Rewriting Python Docstrings

... with a Metaclass

Jess Hamrick (@jhamrick)

http://www.jesshamrick.com

San Francisco Python Meetup

November 13th, 2013

Why metaclasses?

There are things you cannot do with classes.

Metaclasses let you do these things!

The Problem

Inherited docstrings aren't particularly informative:

In [1]:
class A(object):
    def my_func(self):
        """Do some stuff for class A."""
        pass

class B(A):
    pass

print A().my_func.__doc__
print B().my_func.__doc__ # this is doing stuff for class B!
Do some stuff for class A.
Do some stuff for class A.

More specifically...

The nose testing framework will print out the docstrings of test methods as it runs them.

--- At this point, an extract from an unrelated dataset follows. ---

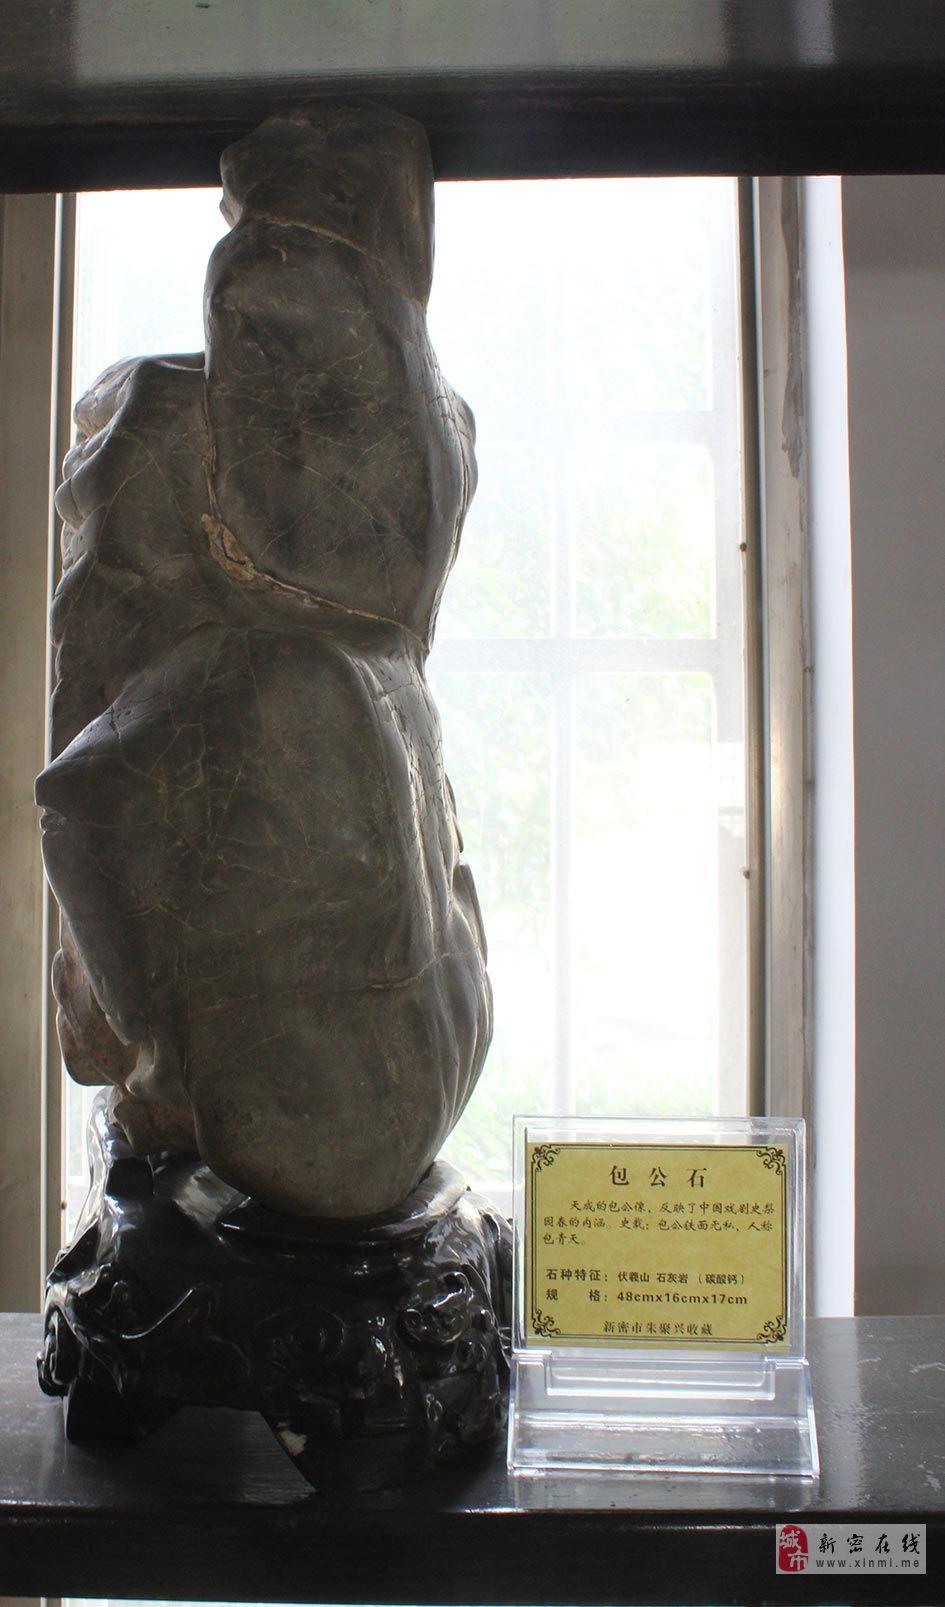 威尼斯人平台国土资源局伏義山奇石展[包公石]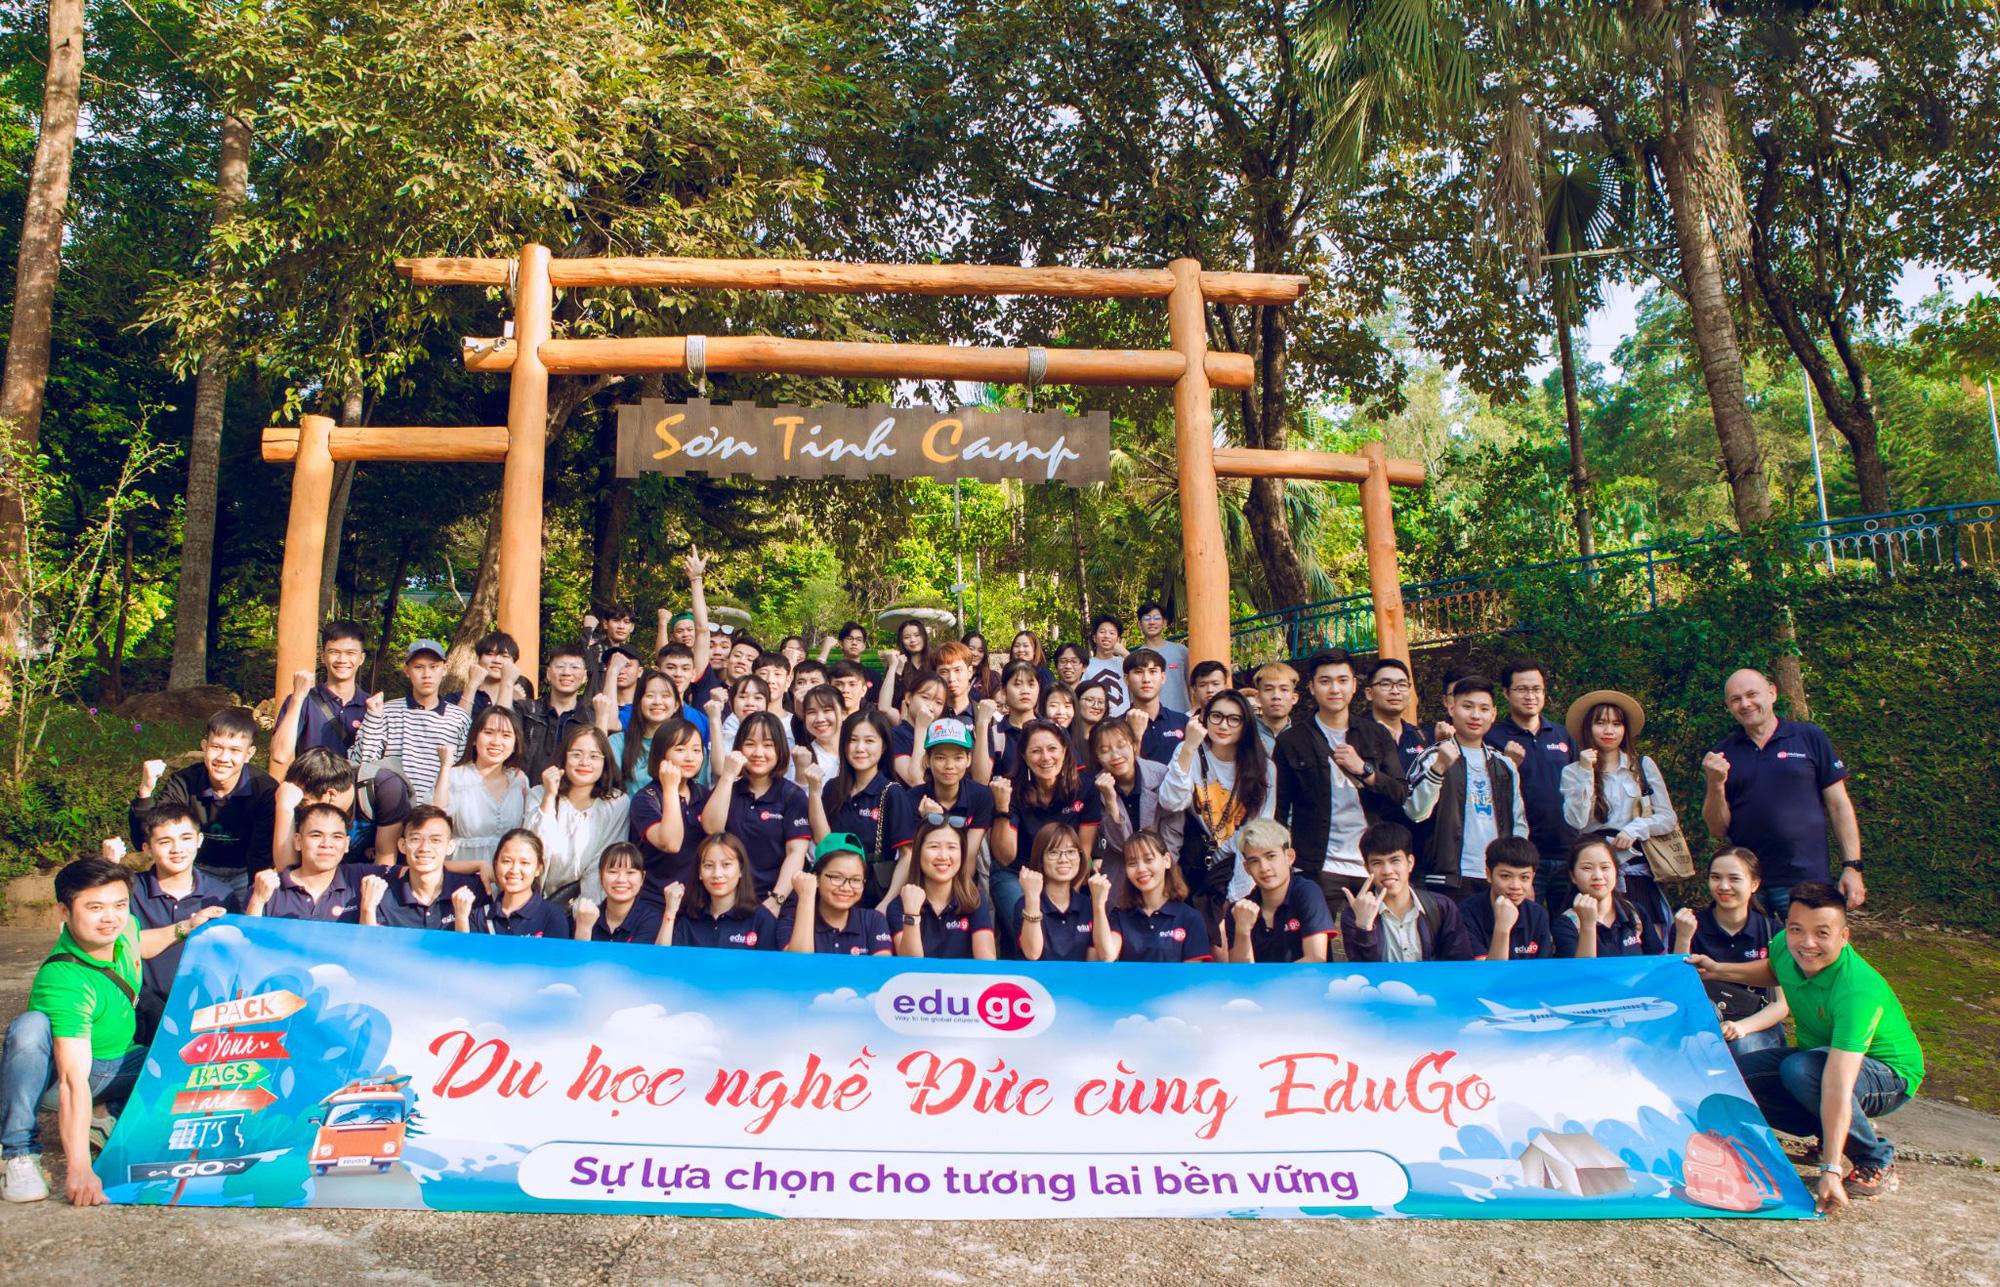 Du học nghề Đức - Hướng đi nghề nghiệp mới của thế hệ trẻ Việt Nam - Ảnh 1.

Unfortunately, if you have a test suite class that inherits from another class, you won't be able to tell when it's running methods from the parent class vs. the subclass.

The Simple Solution

Just manually include information in the docstrings:

In [2]:
class A(object):
    def my_func(self):
        """A: Do some stuff."""
        pass

class B(A):
    def my_func(self):
        """B: Do some stuff."""
        super(B, self).my_func()

print A().my_func.__doc__
print B().my_func.__doc__
A: Do some stuff.
B: Do some stuff.

But, that's a lot of work if you have many subclasses and/or many methods.

A Better Solution?

"Aha!", one might say. "I will just edit the docstrings in the __init__ of the superclass!"

In [3]:
class A(object):
    def __init__(self):
        old_doc = self.my_func.__doc__
        cls_name = type(self).__name__
        self.my_func.__doc__ = "%s: %s" % (cls_name, old_doc)
        
    def my_func(self):
        """Do some stuff."""
        
class B(A):
    pass

Unfortunately, method docstrings aren't writable:

In [4]:
print A().my_func.__doc__
print B().my_func.__doc__
---------------------------------------------------------------------------
AttributeError                            Traceback (most recent call last)
<ipython-input-4-ddf68abe1a40> in <module>()
----> 1 print A().my_func.__doc__
      2 print B().my_func.__doc__

<ipython-input-3-d4d1b624ac26> in __init__(self)
      3         old_doc = self.my_func.__doc__
      4         cls_name = type(self).__name__
----> 5         self.my_func.__doc__ = "%s: %s" % (cls_name, old_doc)
      6 
      7     def my_func(self):

AttributeError: attribute '__doc__' of 'instancemethod' objects is not writable

Note: Function docstrings, in general, are writable -- it's just method docstrings that aren't.

So, is there any way to change the function's docstring before it becomes a method?

Taking a step back: what is a class?

A class is a special kind of object which creates new objects called instances.

A class is kind of like a form (e.g., tax form 1040).

An instance is kind of like your specific copy of the form.

type will tell us the class of an instance:

In [5]:
class A(object):
    def my_func(self):
        """Do some stuff."""
        pass
    
a_inst = A()
print "Instance `a_inst` has type:", type(a_inst).__name__
Instance `a_inst` has type: A

Remember: everything in Python is an object!

So, classes have types, too:

In [6]:
print "Class `A` has type:", type(A).__name__
Class `A` has type: type

In other words, classes are generated by a special type called type.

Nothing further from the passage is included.